Título original: Lost in Translation Año: 2003 Duración: 105 min. País: Estados Unidos Director: Sofia Coppola Guión: Sofia Coppola Reparto: Bill Murray, Scarlett Johansson, Giovanni Ribisi, Anna Faris, Fumihiro Hayashi, Akiko Takeshita, Catherine Lambert, Akiko Monou Productora: Focus Features / American Zoetrope / Elemental Films Género: Drama. Comedia | Comedia dramática. Película de culto
En el mundo del cine, existen algunas películas que por una razón o por otra son muy criticadas por unos y muy reconocidas por otros. Y Lost in Translation sin duda es una de ellas, odiada por muchos, amada por otros puedo considerarla como una película que no deja indiferente a nadie.
La primera vez que me dispuse a verla, habiendo escuchado
las constantes críticas y sin creerme nada, me dejó una sensación, por decirlo de alguna manera, muy humana y a partes un poco confusa en algunos momentos. Y no fue hasta después de visionarla varias veces y con el paso del tiempo cuando pude realmente entenderla y ver las intenciones de la directora con cada plano, diálogo o silencio.

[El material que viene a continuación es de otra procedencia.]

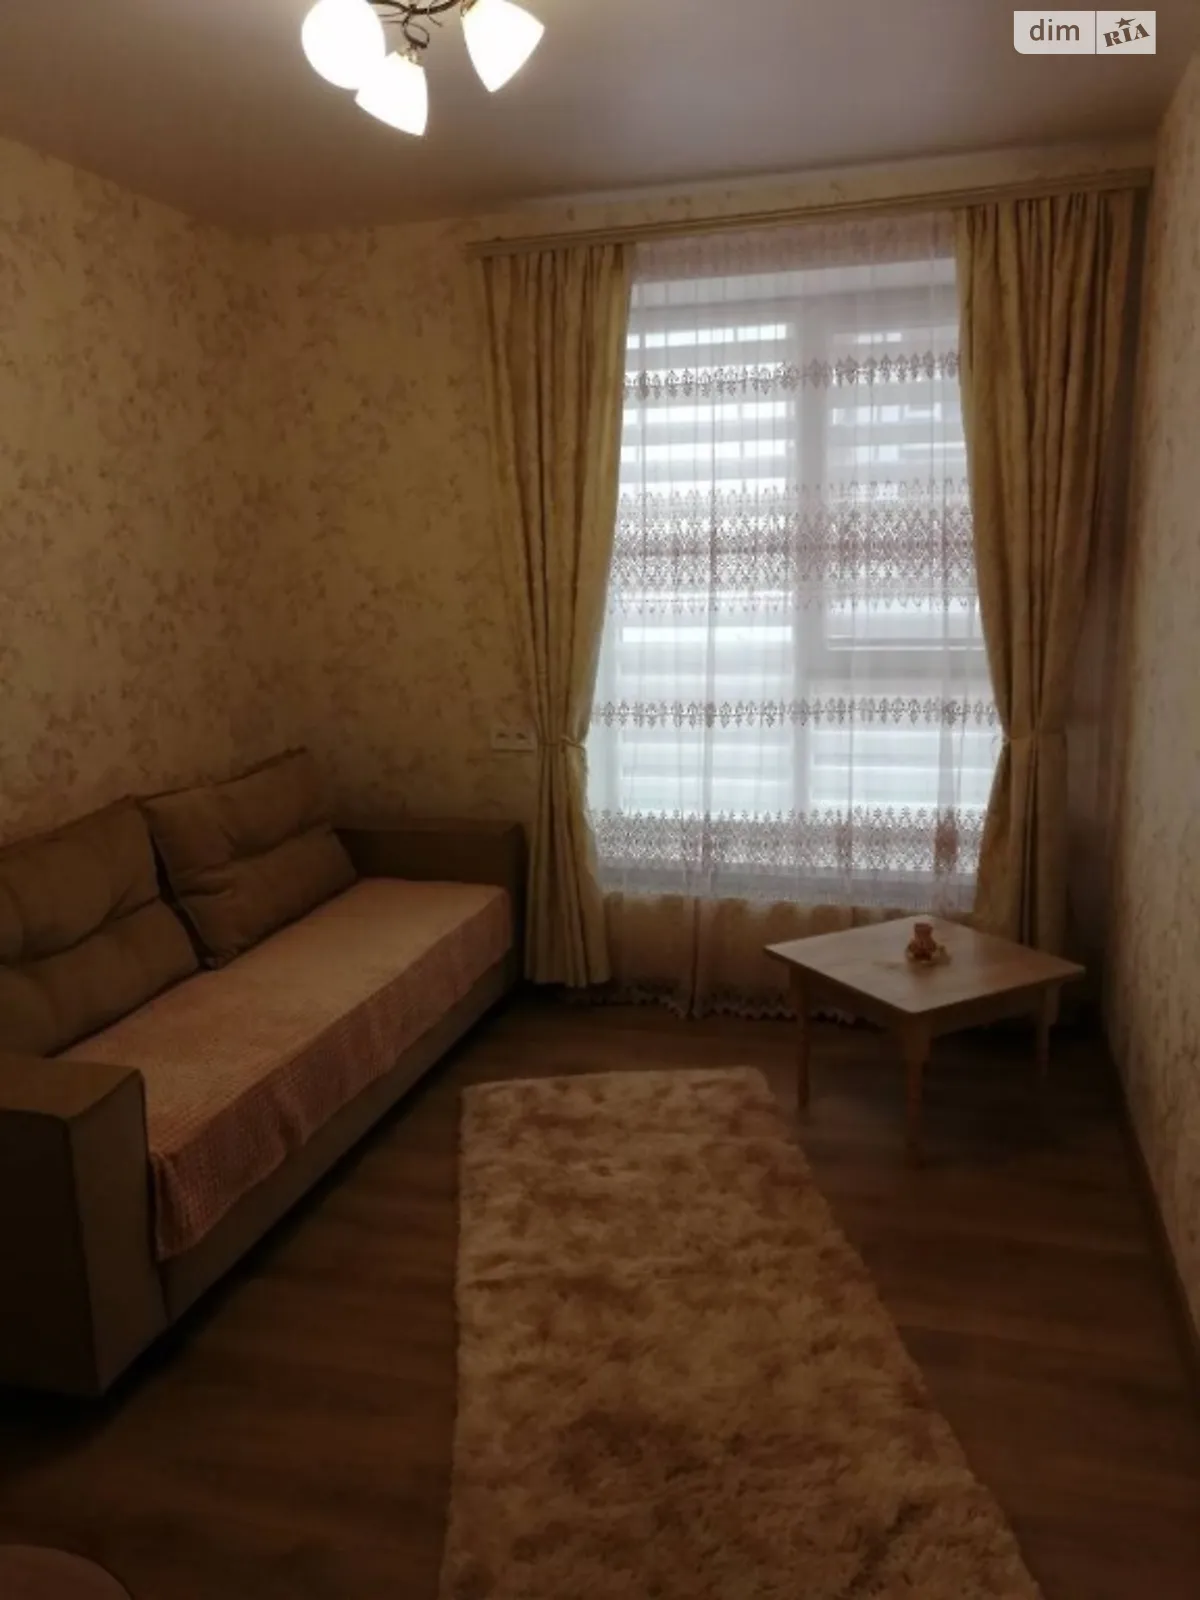 Сдается в аренду 2-комнатная квартира 55 кв. м в Ивано-Франковске - фото 3
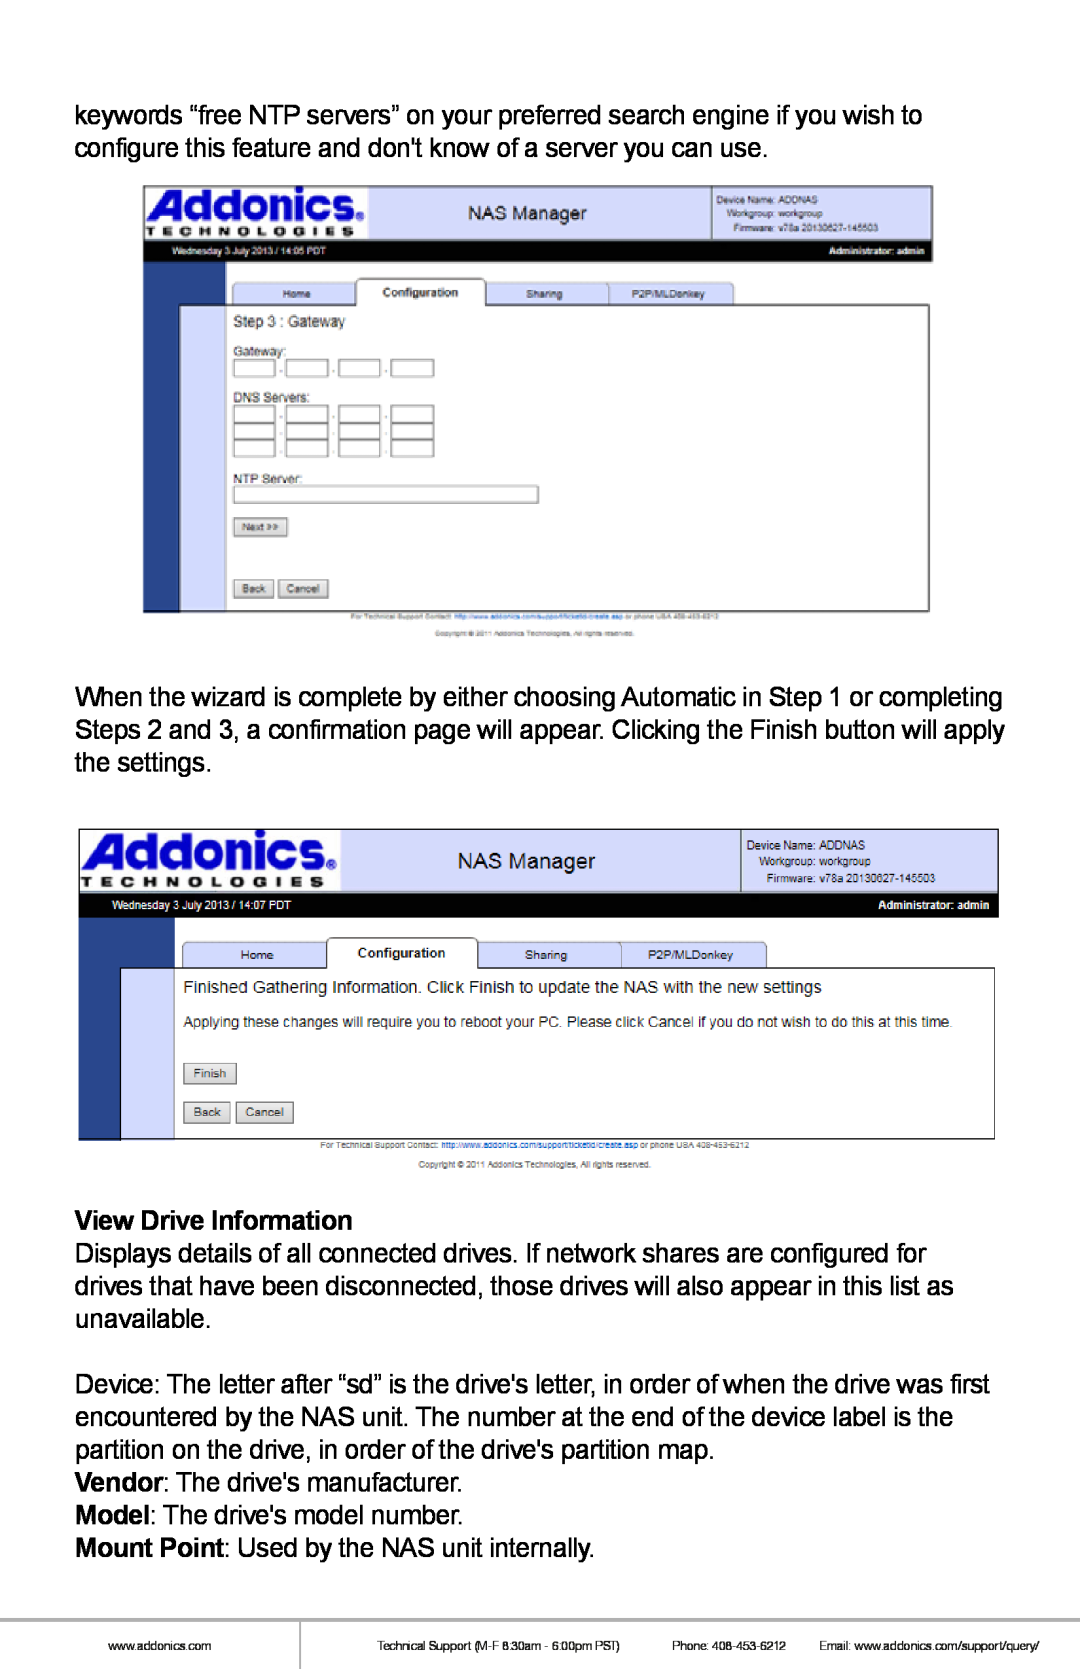 Addonics Technologies NAS4RM manual View Drive Information

Los grandes detractores de Lost in Translation, achacan que su historia es anodina; su
argumento aburrido, y que ya hay montones de películas que han
hecho antes lo mismo sin tener tanta fama. Y es por eso que sinceramente, no creo que esos detractores la hayan podido entender completamente, siendo una película demasiado profunda y que se ha de ver y intentar comprender con la mente abierta.
La trama de Lost in Translation trata sobre la llegada a Tokio de Bob Harris (B.Murray), un actor de cine venido a menos que tiene la necesidad de irse a rodar anuncios publicitaros para ganarse la vida, lo
cual está haciendo mella en su ya larga relación matrimonial y cuyo trabajo está martirizando poco a poco. Es por eso que su vida da un giro cuando conoce en el hotel donde pasa las noches a Charlotte (S.Johansson), que recién casada, su marido poseído por el trabajo no le dedica suficiente tiempo. Con este panorama y viviendo en una ciudad extraña a ellos, en la que no hablan el lenguaje nativo y pertenecen a una cultura diferente, estos dos melancólicos personajes conectan, como no podría ser de otra forma, y
todo lo demás ayuda: el vacío doloroso de soledad de ambos, los ambientes en penumbra, la música
conciliadora…
Lost in Translation es una película real, con unos actores muy metidos en
sus papeles, haciendo de ella divertida, irónica y muy fresca. Con
momentos divertidos pero con otros realmente conmovedores, Lost in
Translation es un icono del cine moderno, alejado del pretencioso
Hollywood, es una película tan cruda como la misma realidad. Con unas conversaciones sencillas, como podría ser
cualquier conversación normal y corriente, con sus toques de humor, de ridiculez,
de sinceridad, de diversión y de tristeza. El estar perdido (como indica el propio título de la película) en un sitio cuyo
idioma no entiendes, cuya cultura es diferente a la tuya, sintiéndote desubicado, con los horarios de sueño trastocados y padeciendo
insomnio hacen de ella un producto diferente y especial.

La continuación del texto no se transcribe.